Em 29 de Novembro de 2006, a empresa de
Almada “SHP, Consultoria Informática Lda.” levou a cabo as suas II Jornadas
InfoGest/ArqGest, tendo-me convidado a apresentar uma comunicação sobre os
arquivos militares e sobre as relações que o Arquivo Histórico Militar
estabeleceu com a Empresa para construir a sua aplicação informática para
tratamento da documentação.
Aceitei com muito gosto, apresentei um
ponto de situação que está hoje bastante desatualizado, mas não deixa de ter
importância por ter marcado uma época na mudança dos Arquivos em Portugal. A
empresa SHP continua hoje empenhada nos seus objetivos e voltei a ter uma
relação com ela passados mais de dez anos, como explico mais à frente.
Em primeiro lugar, recordo aqui o texto
da minha comunicação de 2006.
1. Os arquivos militares
Quero
dizer-vos que estou aqui com muito gosto. Em primeiro lugar porque esta
iniciativa representa um enorme esforço dos seus organizadores para divulgar
uma acção ímpar a favor dos arquivos portugueses; depois porque estou ligado
desde o início ao desenho e à consolidação deste grande objectivo de construção
de um projecto informático português de grande qualidade, o InfoGest, tema das
Jornadas que aqui nos reúnem; finalmente porque, como director do Arquivo
Histórico Militar vai fazer 14 anos, sei que foi o InfoGest que fez a diferença
no projecto do Arquivo, obrigando a maior parte dos outros sectores a
acompanharem a mudança e a assumirem a necessidade de se incluírem na modernização.
É
esta última circunstância que me leva a falar-vos, em primeiro lugar, dos
arquivos militares, condição essencial de investigação académica e científica
sobre os assuntos respeitantes às Forças Armadas e à sua relação com a História
de Portugal.
Ao
contrário do que é normalmente pressuposto, o Estado português do pós-25 de
Abril entende que a administração pública é aberta e transparente, não havendo
motivos para fixar prazos temporais genéricos para a abertura da documentação
ou dos arquivos, com excepção de casos especiais. Toda a documentação produzida
pela administração pública tem sido considerada como imediatamente acessível,
salvo se estiver abrangida pelas excepções previstas na lei actual.
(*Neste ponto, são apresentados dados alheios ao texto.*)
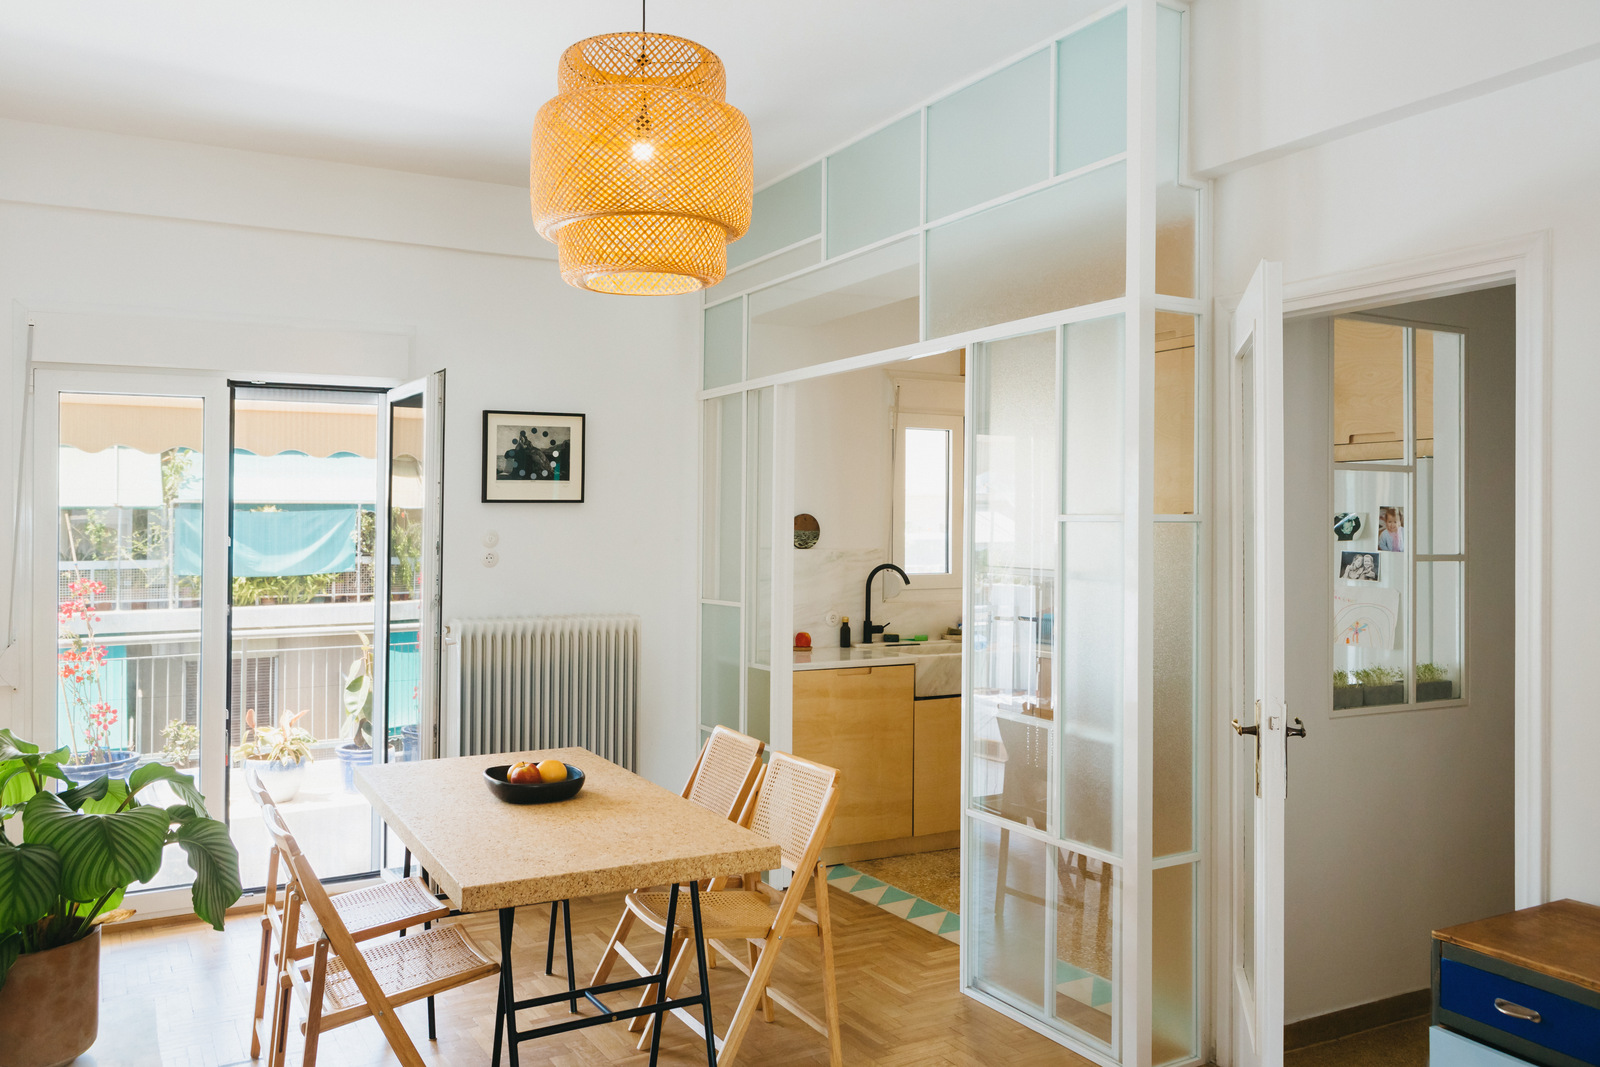 Archisearch Charlotte apartment renovation in Kypseli | Threshold architecture studio

O Estado,
obrigado a garantir sistemas de arquivos eficientes, tem a obrigação de
disponibilizar o acesso ao seu labor administrativo e à sua própria memória,
proporcionando dessa forma o exercício de um direito de cidadania.
Ou
seja, o Estado e as suas instituições não têm que presumir intenções de quem
consulta a documentação resultante das suas actividades, ou de como utiliza e
se serve da informação nela contida. São apenas obrigados a resguardar o que a
lei presume como de conhecimento inconveniente ou lesivo para outrem, durante
um prazo previamente definido.
A
estas considerações gerais, que me parecem claras e suficientemente prudentes,
não queria deixar de acrescentar uma nota pessoal.
Portão de entrada para o Arquivo Histórico Militar, em Santa Apolónia. |
Como
director do Arquivo Histórico Militar e responsável pela parte histórica do
Arquivo da Defesa Nacional depositado em S. Julião da Barra, contactei nestes
dois Arquivos com centenas de investigadores e dezenas de jornalistas. Sempre
procurei compreender as suas necessidades de conhecimento, de acesso à
documentação, de informação necessária aos seus objectivos de investigação.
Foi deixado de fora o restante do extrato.